Si, es un tema… Hace un tiempo que no voy a mi analista porque está de viaje. Empecé hace 7 años con ella después que me separé del papá de mi hija, cuando ella tenía dos años, cuando las cosas cambian al tener un hijo… Entendí que yo no era la misma y necesitaba otras cosas que él no me las podía dar. Hicimos sesiones de pareja. Esto fue 7 años atrás y con el papá nos llevamos ahora muy bien y seguimos laburando juntos a veces cuando nos da ganas.
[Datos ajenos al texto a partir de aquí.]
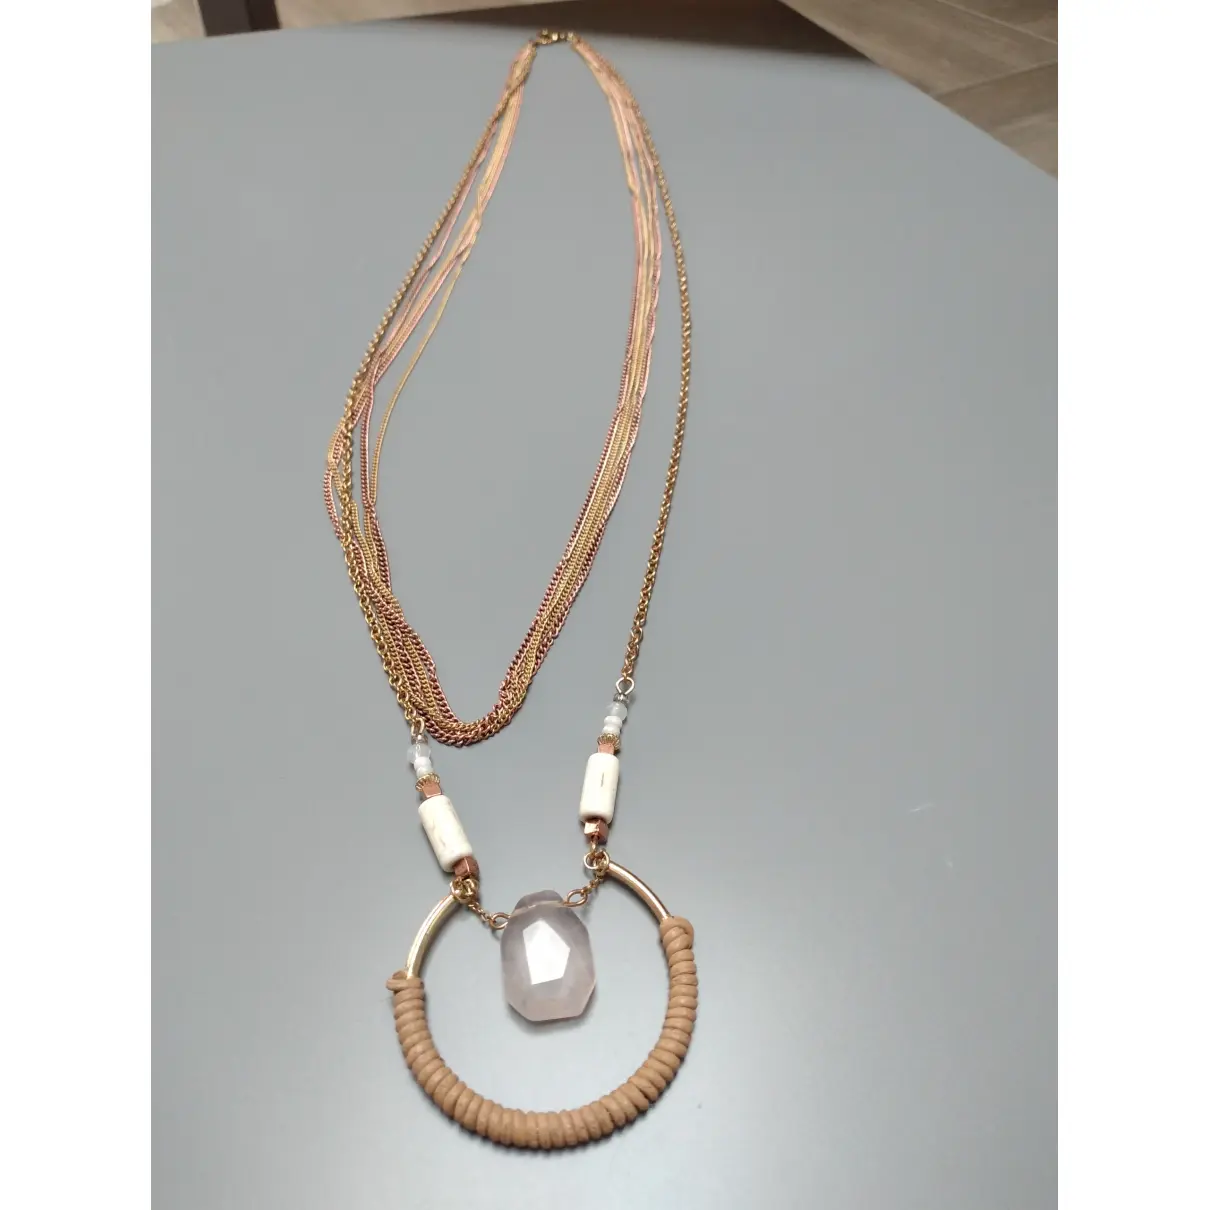 Buy American Vintage Necklace online

Y justamente vino a la proyección de la película “La otra piel” en el Bafici.

¿Cómo se conocieron?

En el teatro Cervantes, justo donde termina la película que protagonizó, ”La otra piel” dirigida por Inés de Oliveira Cezar ya que la Terquedad se dio en el Cervantes: ¡el azar! Yo en aquel entonces con mis veintipocos años estaba haciendo una obra “Los siete Gatitos” de Nelson Rodrigues, un autor brasileño alucinante, junto a Arturo Mally, Karina K, Damian de Santo y otros buenos actores. ¡Para conseguir ese papel hice tres meses de audiciones! El director no encontraba a la actriz para hacerlo y Agustin Alezzo me recomendó.  Era un papel soñado: Silene, y resulta que a una función viene al Cervantes Daniel a verla y al terminar le pide  al director Ricardo Holcer conocerme, y poder saludarme al camarín para felicitarme porque le había gustado mi actuación y no me conocía. Él estaba con “El periférico de objetos”, yo no lo conocía tampoco (risas), ya qué venía yo de otro palo: de Alezzo, de Gené, de Augusto Fernándes y Ure, mis maestros. Y él aún no era aún conocido. En esa época, andaba leyendo casi en forma devoradora todo lo que conseguía sobre Severino Di Giovanni y los anarquistas. Quería armar algo con la historia de Severino y América Scarfó y cuando lo vi , cuando se me acercó a felicitarme sin saber quién era, vi en la mirada de Daniel, vi sus ojos, los ojos amarillos como los de Severino y me perturbó. Y Daniel me felicitó y me hablaba, me hablaba, y lo dejé hablando solo y me fui (risas) porque me puse nerviosa. Después me dijeron, si sabía quién era, y yo dije que no, y me contestan, era Daniel Veronese, del Periférico. ¡Y empezamos por azar a encontrarnos en todos lados! Iba a ver una obra, él también había ido a esa función, hasta  por la calle, en todos lados (risas).  Y un día me dijo de sacar unas fotos en su estudio y no pasó nada, yo estaba de novia y muy enamorada de mi novio con el cual salimos 7 años desde chicos. Ese verano me había ido de mochilera con una amiga  pero me llama Ricardo Holcer de parte de Agustín Alezzo para hacer un personaje muy importante en “Los siete gatitos”. ¡Dejé todo! Había pagado todo el campamento para Villa Langostura de la facultad de Letras, y no me importo. Todavía no conozco Villa Langostura (risas). Estuve mucho tiempo de casting y ensayos hasta que me dijo: “sos vos, vos sos Silene”, el  personaje era hermoso de una complejidad alucinante. Antes había hecho en el Rojas en la biblioteca una obra con Román Podolski, hice “La zarza ardiendo” de González Castillo y Federico Mertens.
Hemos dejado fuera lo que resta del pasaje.